Family and Empire
July 2021 saw the publication of My Dearest Martha: The Life and Letters of Eliza Hillier by the City University of Hong Kong Press. At once a reflection on the daily components of empire, an entertaining narrative of familial relationships, and the story of one woman's inner feelings and how they changed, the letters and commentary guide the reader through the vagaries of British family life in East and Southeast Asia in the mid-nineteenth century.
Book Depository/Amazon UK/Waterstones
For a glimpse of My Dearest Martha, click here:
https://www.facebook.com/96844704488/posts/10159622314964489
https://twitter.com/CityU_Press/status/1452468133529153538?s=20
For over one hundred years, my family lived and worked in China and Southeast Asia. Walter Medhurst, who began his missionary life in Malacca in 1817, was followed by three further generations. My grandfather, Harold Hillier (one of Medhurst’s grandsons) was four years old, when his father, Harry, was appointed Customs Commissioner at Kowloon, and, in his eighties, he could still remember living on the Peak and going out in the Revenue cruiser.

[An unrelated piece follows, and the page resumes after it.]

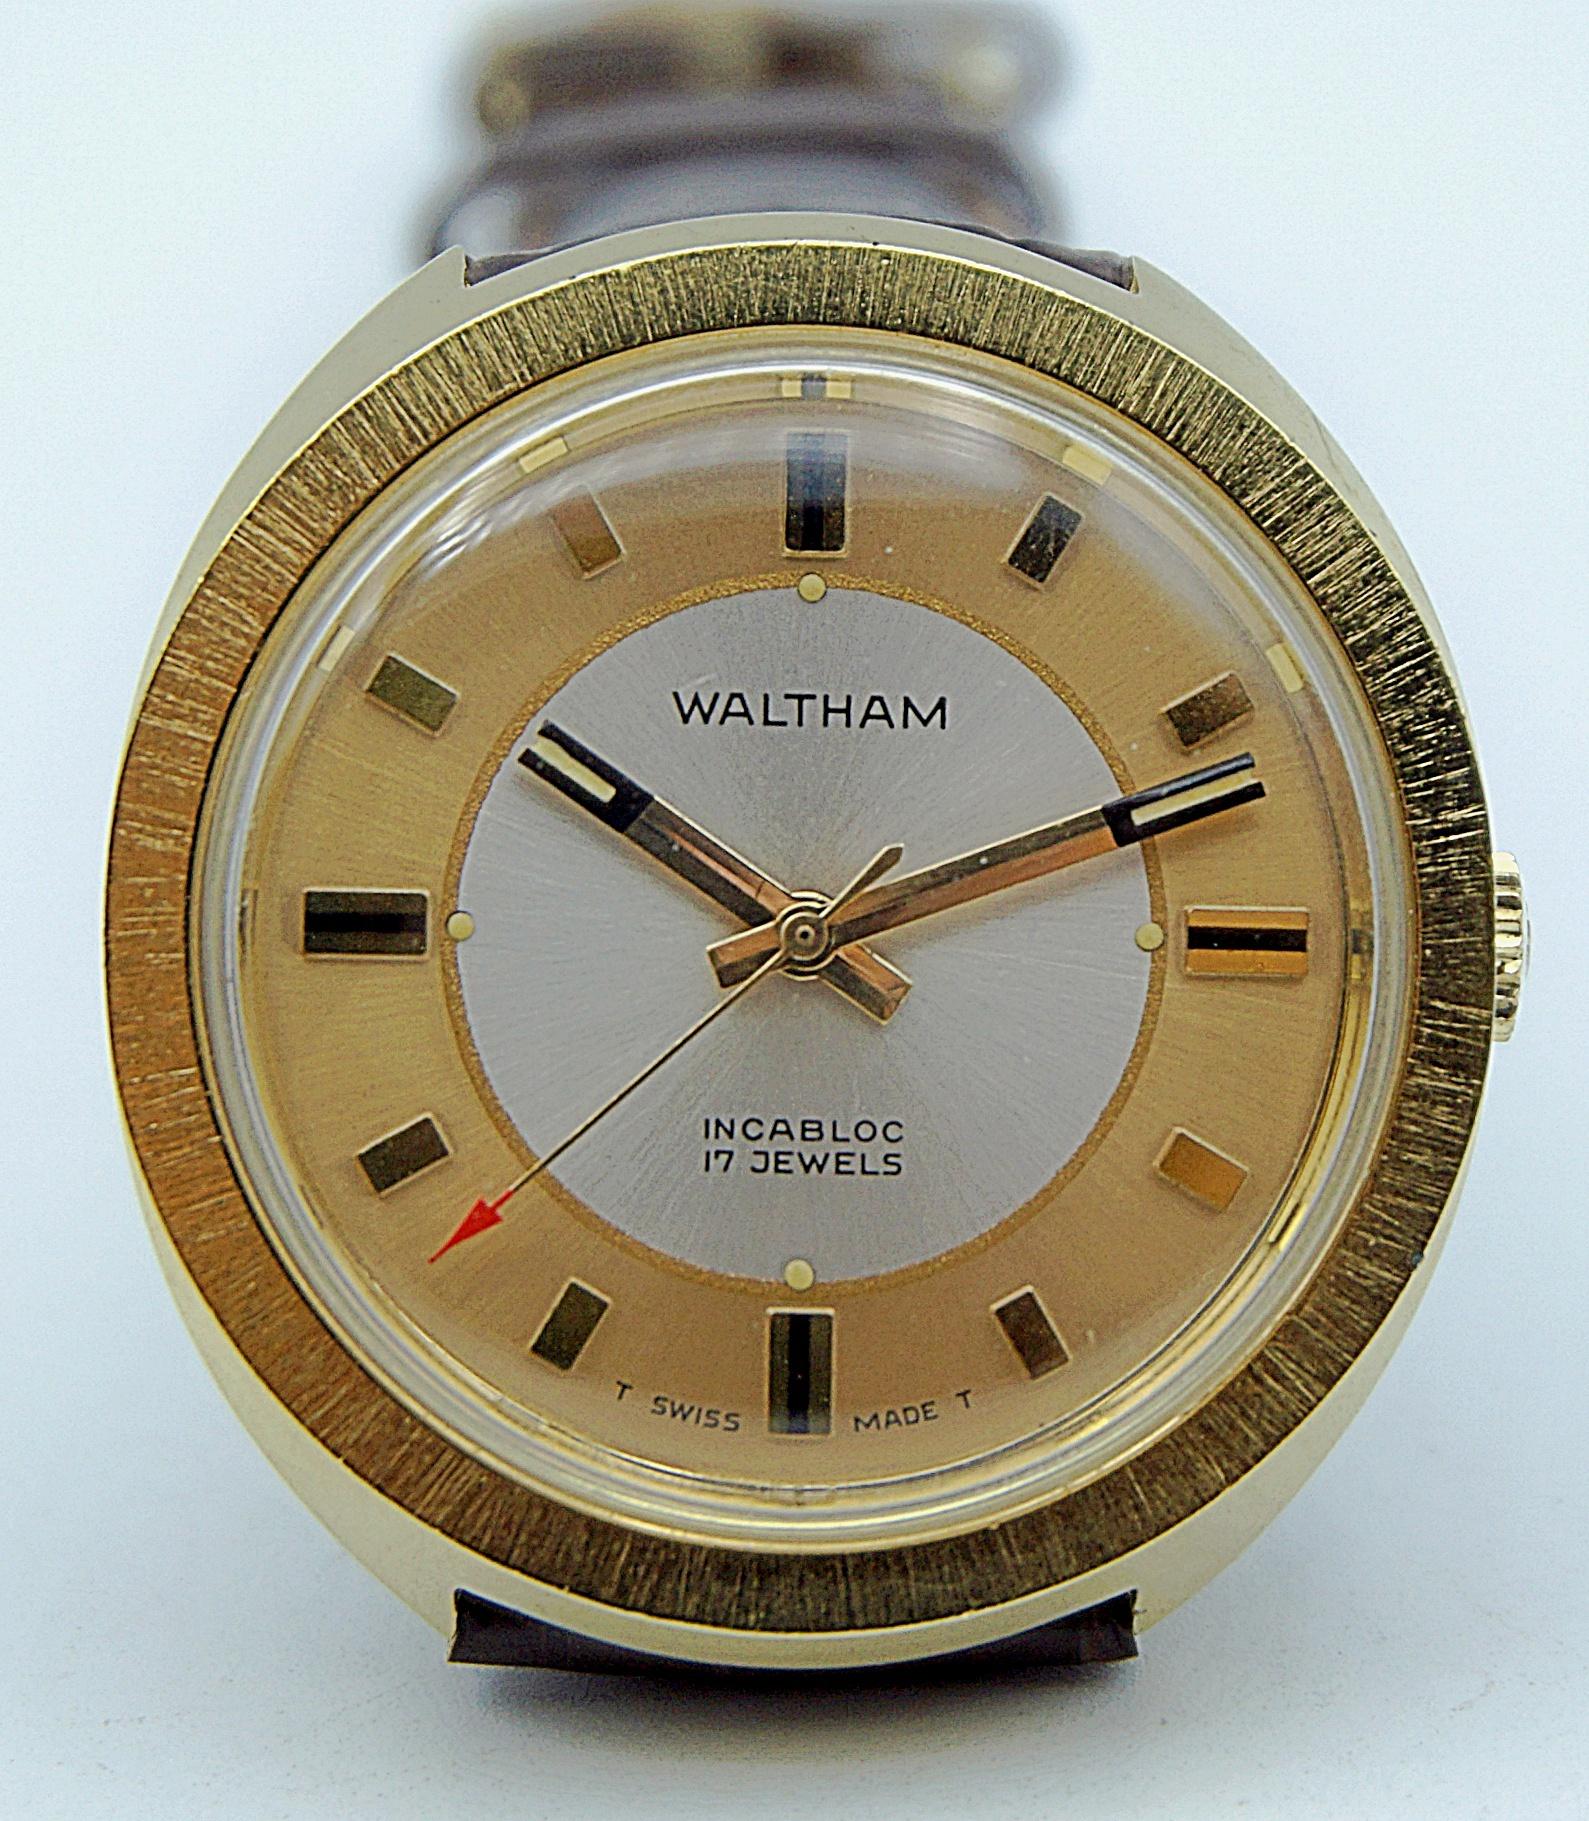 นาฬิกาเก่า WALTHAM ไขลาน

Whilst it was a privileged life, underpinned by imperial superiority and racial difference, Medhurst was an outstanding Sinologue and an ability to speak Chinese and a profound interest in China marked the next two generations - his son, Sir Walter Medhurst, whose career culminated in the Shanghai Consulship, his son-in-law, Charles Hillier, Chief Magistrate of Hong Kong and HBM Consul to Siam until his untimely death in 1856, aged 36, and Charles and Eliza’s three sons - Walter (China Consular Service), Harry (Customs) and Guy ( the blind Peking Agent of the Hongkong Shanghai Bank), who died in office in 1924 (see https://www.hpcbristol.net/collections/hillier ).
From left, Harry, Walter and Guy, undated, but probably late 1880s.

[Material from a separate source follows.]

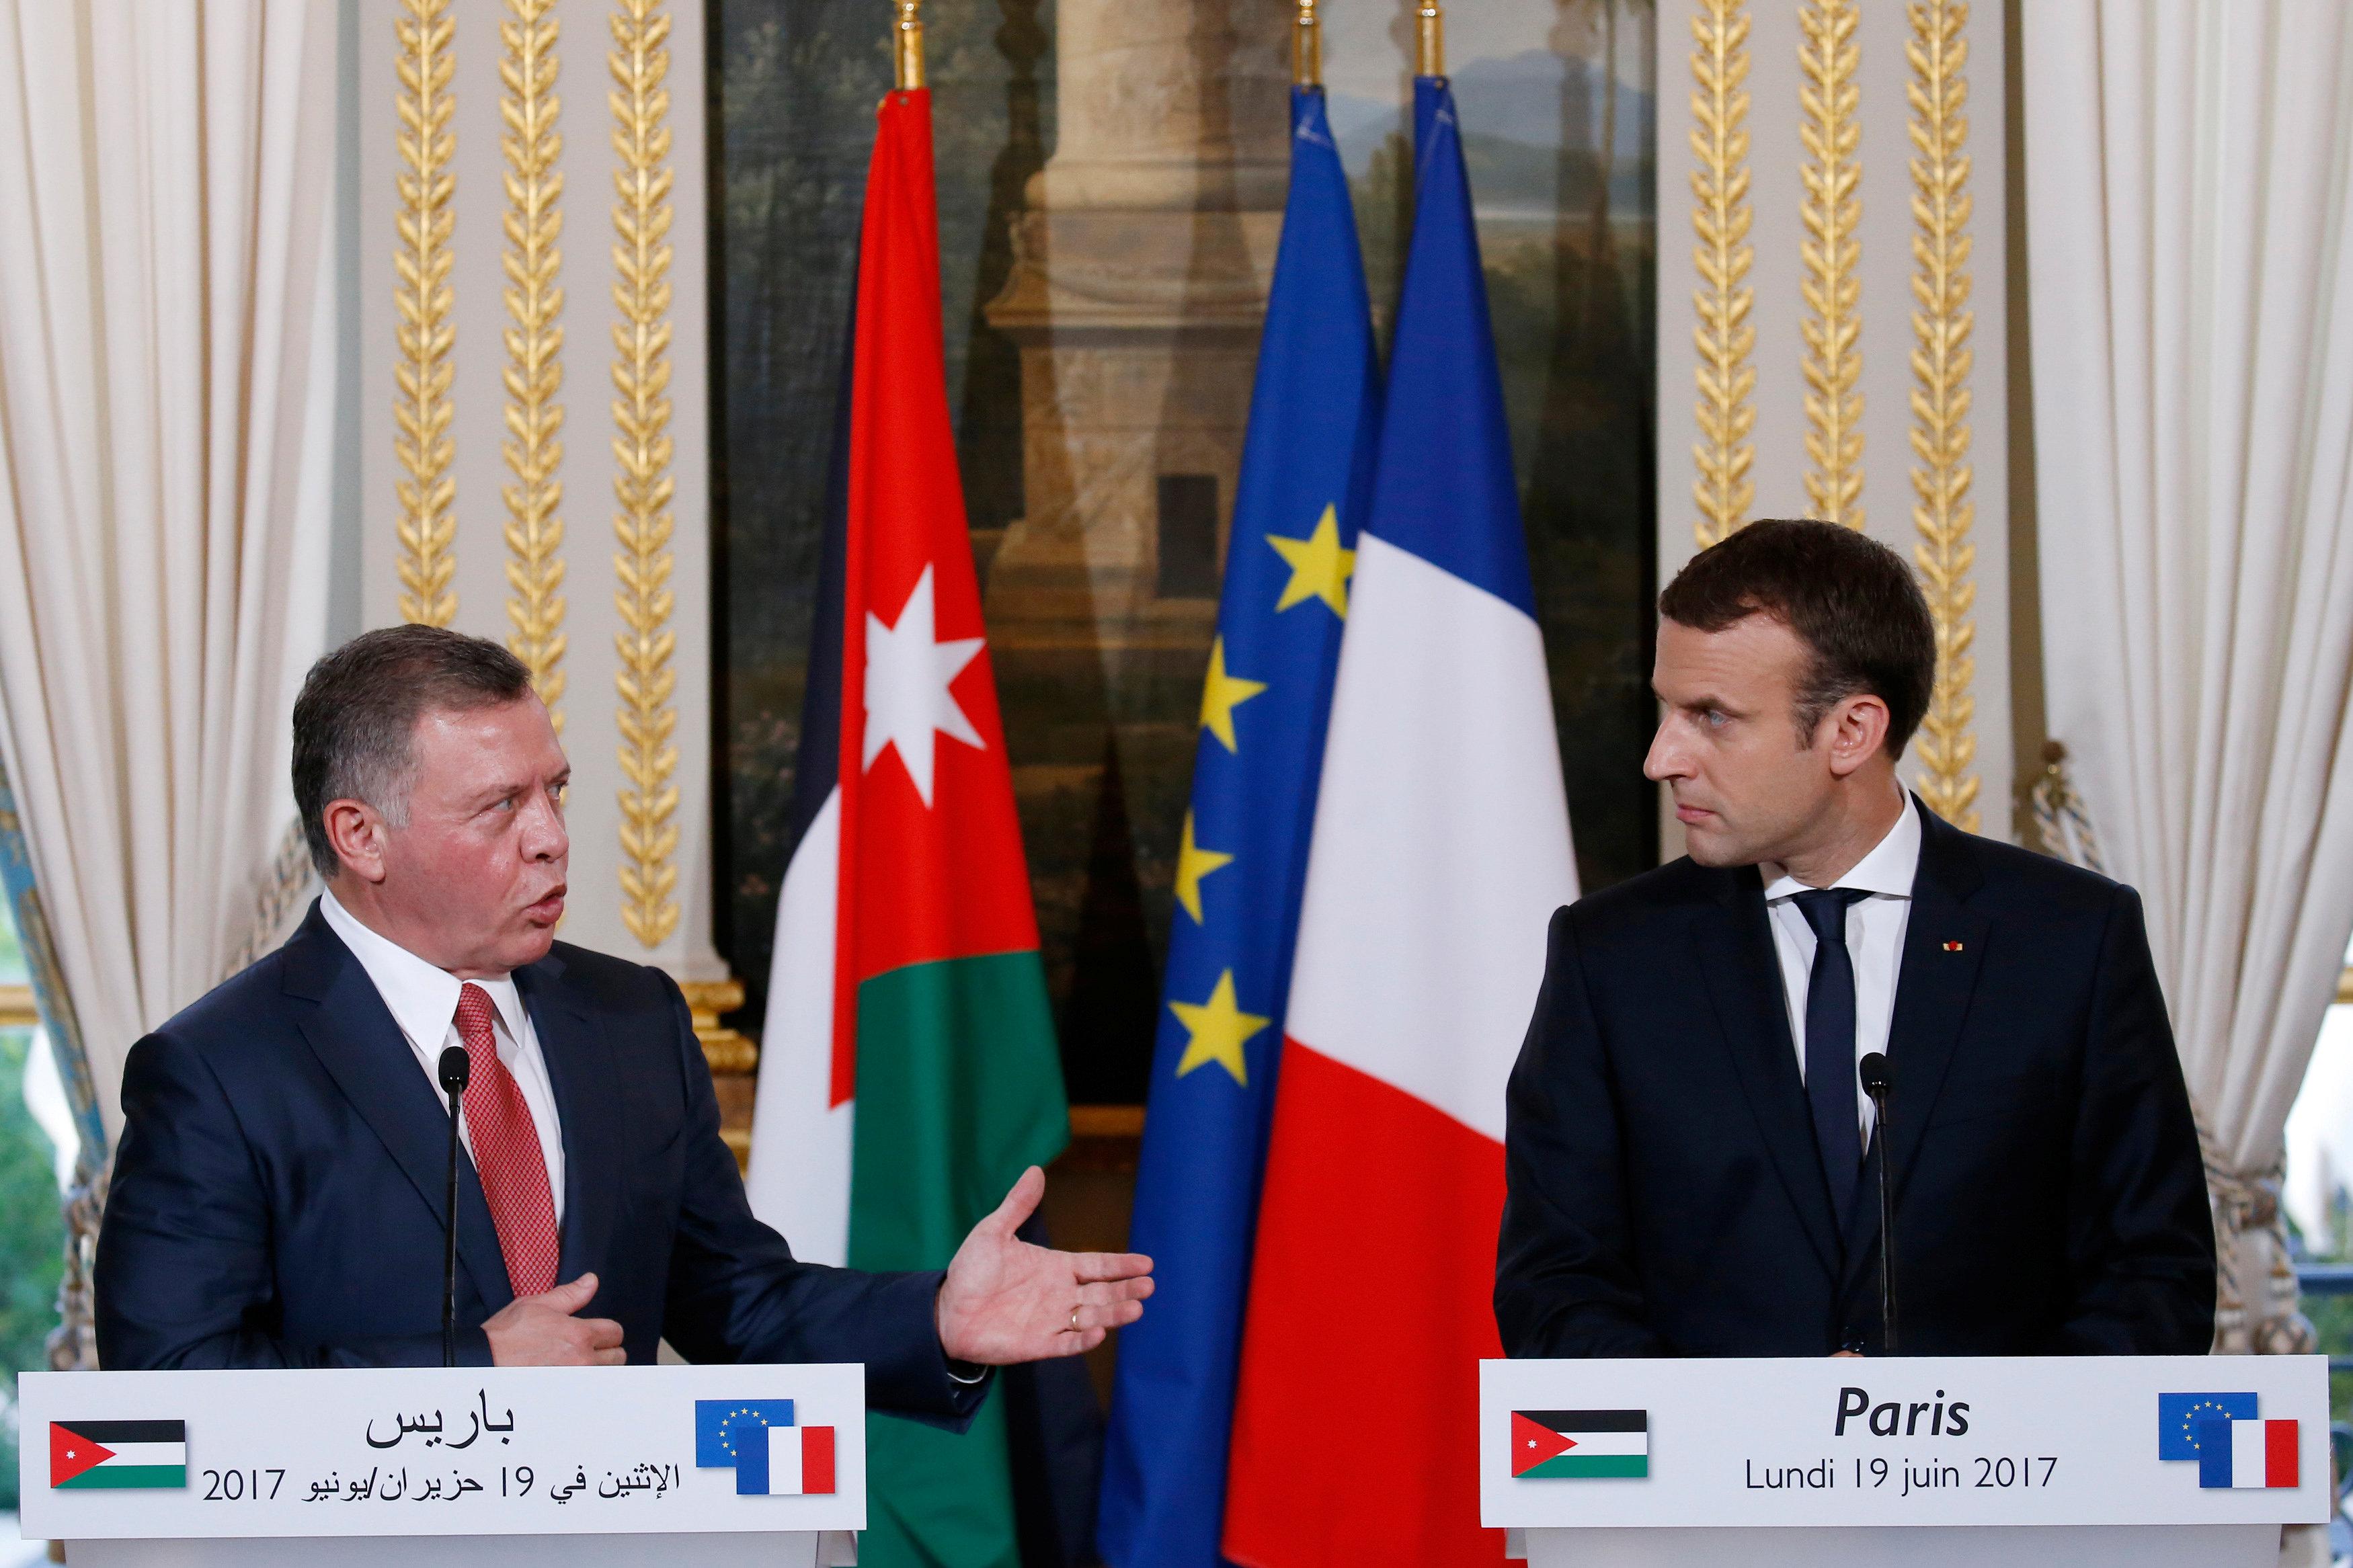 مؤتمر مشترك بين ملك الأردن ورئيس فرنسا

Through their lives and those of their families over the long nineteenth century, I have examined the relationship between family and empire, completing my Ph.D. at Bristol University under Robert Bickers (‘Three Brothers in China’). My first book, Mediating Empire: An English Family in China. 1817-1927, was published in April 2020.

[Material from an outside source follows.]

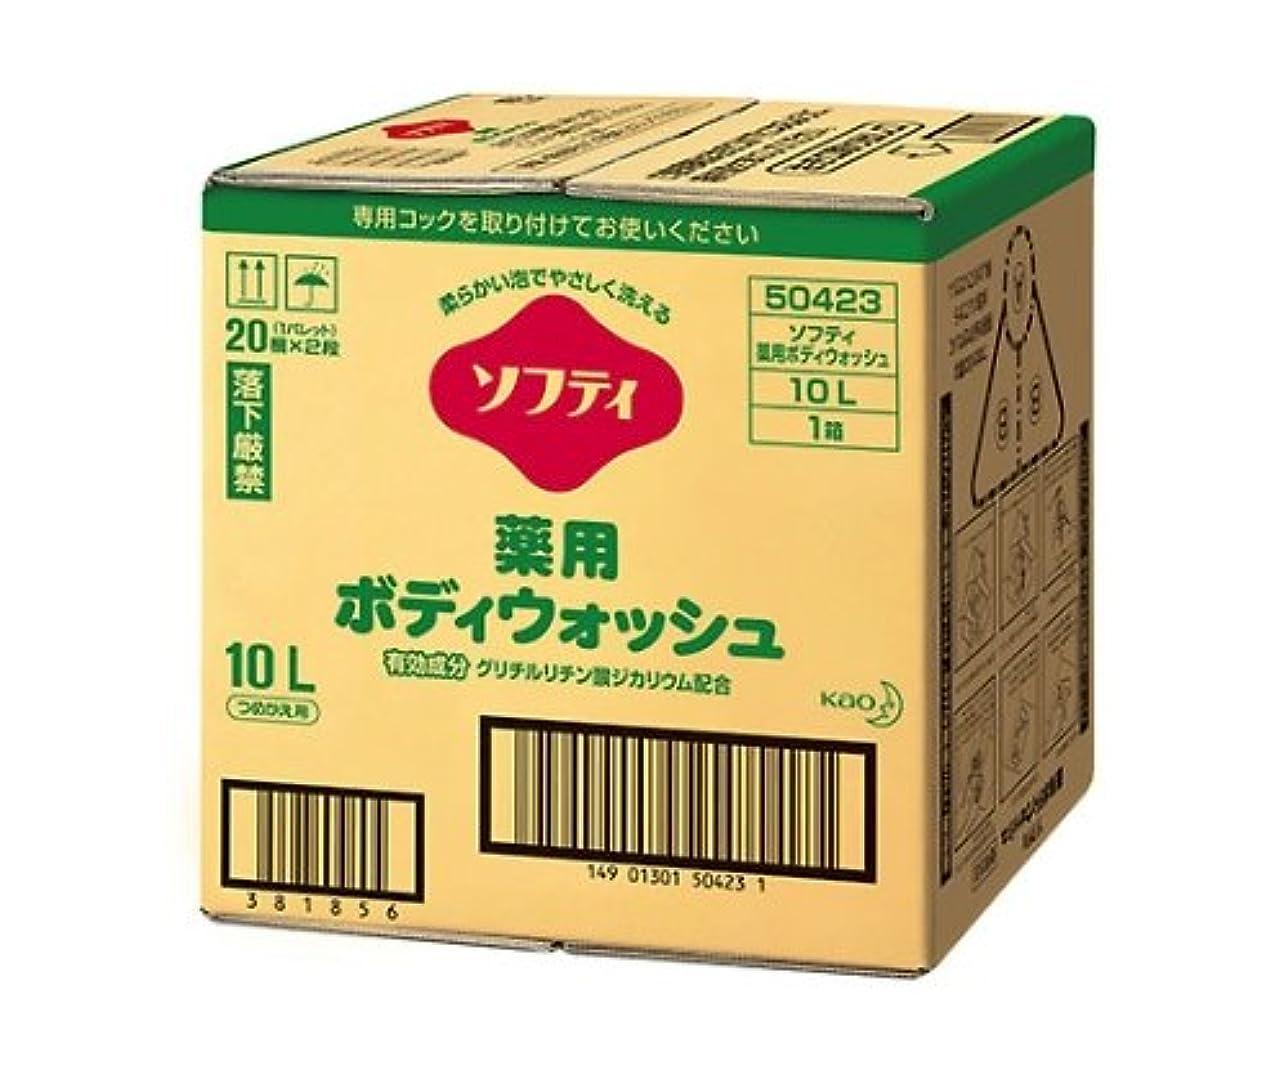 とは異なり伝える相反する花王61-8510-03ソフティ薬用ボディウォッシュ10Lバッグインボックスタイプ介護用

My interests now extend to other aspects of Sino-British relations, I am an Honorary Research Associate at Bristol University and regularly contribute to Historical Photographs of China (HPC), https://www.hpcbristol.net/ and other sites and journals.
This web-site reflects those interests and will, I hope, provide a forum for sharing information about Britain in China.